HEAR A HUMAN VOICE. After losing far too much time on hold when he called for customer-service help, Paul English, chief technology officer at Kayak.com, began a quest to guide people out of frustrating automated-phone loops. The results of his research across 500 companies are now available to the public at Gethuman.com, a database of information and advice on reaching a real person. Some examples: punch the pound key (#) four times when calling Orbitz; dial 1 and then 7 to bypass the automated system at Starwood’s Four Points by Sheraton; select your language and then press 1 and 0 to get to an operator at the U.S. State Department’s passport office.
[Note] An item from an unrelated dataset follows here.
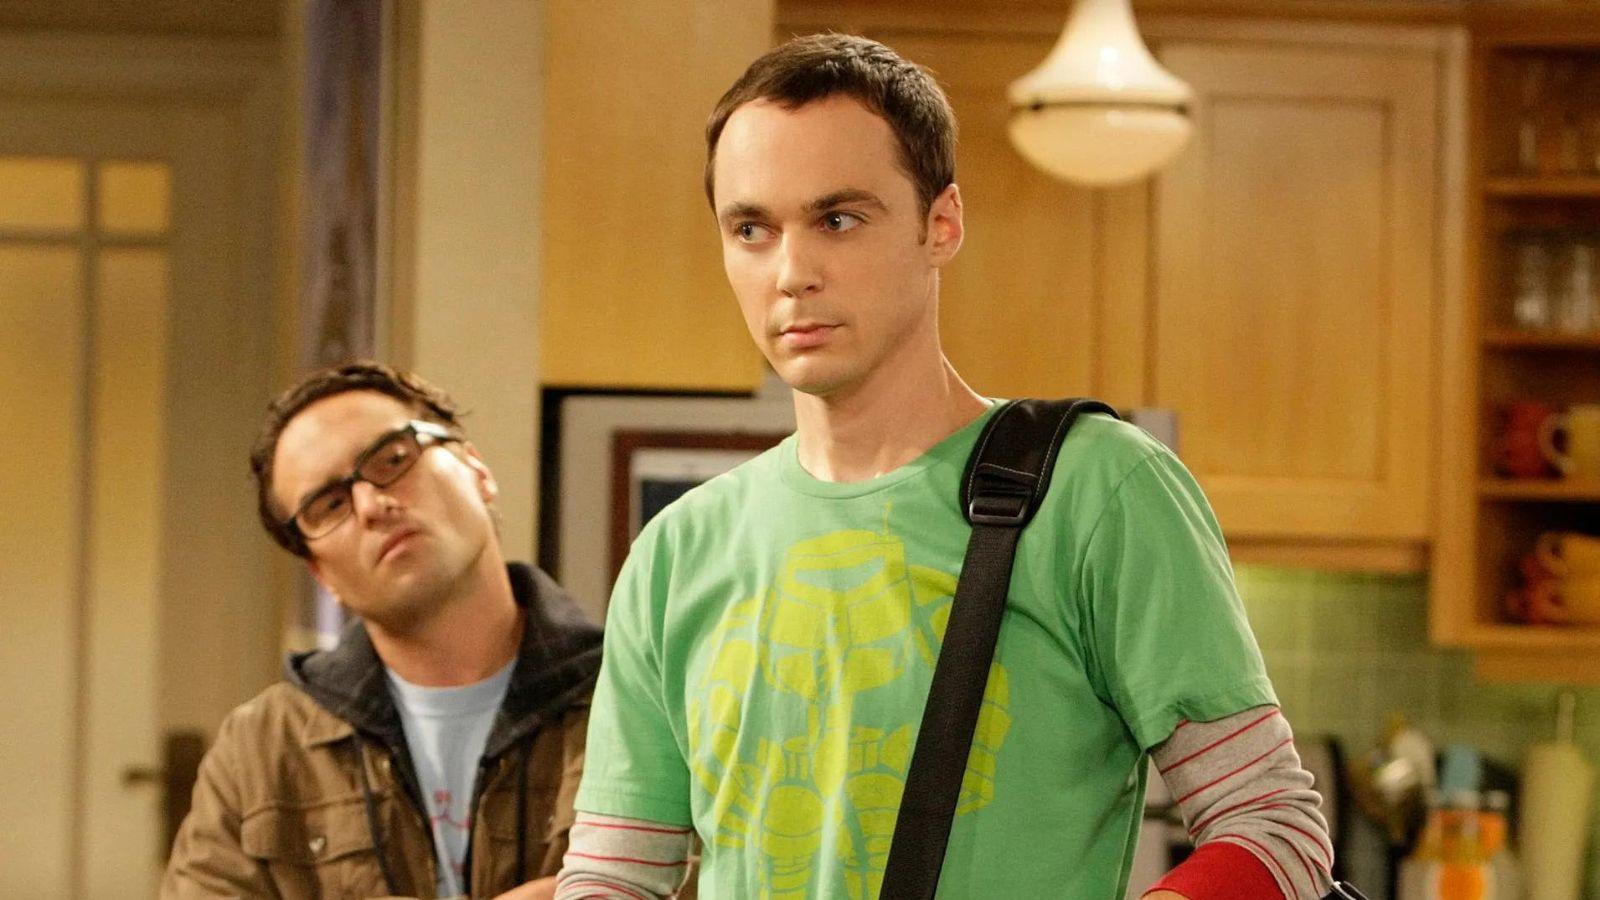 Sheldon Cooper in Big Bang Theory, soon to be Young Sheldon.

INSURE YOUR TRIP EARLY IF YOU’RE GOING TO THE CARIBBEAN DURING HURRICANE SEASON. Many insurance policies have a little-known loophole called the "named-event clause," which states that once a tropical storm has received a name from the National Weather Service, insurance companies are no longer required to pay policy-holders who cancel their trips. If you have plans to travel to an island from June to November, buy your travel insurance when you book the trip, or soon after.
JUMP AMUSEMENT-PARK TICKET QUEUES. "If you do nothing else right when visiting a theme park, buy your tickets online in advance," says Robert Niles, editor of Themeparkinsider.com. "Tickets have grown almost as complicated as airline fares." A quick lesson: "park hoppers" are tickets that allow customers to visit multiple parks in one day; "flex plans" give buyers more à la carte options (including food and passes to cut lines); and "VIP experiences" offer special access, such as reserved seats to shows. Navigating the many choices takes time, so it’s best to sort it all out before arriving, which will also give you a head start on the long lines.
KNOW WHO EMPLOYS YOUR CONCIERGE. A surprising number of hotels now outsource their concierge services to third-party companies, a trend that Jack Nargil, of the Hay-Adams hotel in Washington, D.C., and spokesman for concierge association Les Clefs D’Or, says can work against the consumer and in favor of tour outfitters that benefit from increased business. For example, Expedia now operates 84 concierge desks across North America, and hotels managed by Hyatt, Marriott, and Starwood are among those that have farmed out their concierge services. This is a problem, Nargil says, because with concierges who are not operating independently, "consumers won’t necessarily get advice or reservations that are tailored to their needs." If you’re going to a destination where you will be relying on the concierge, Nargil suggests that before you book a room, ask if the concierge is employed directly by the hotel or by an outside company.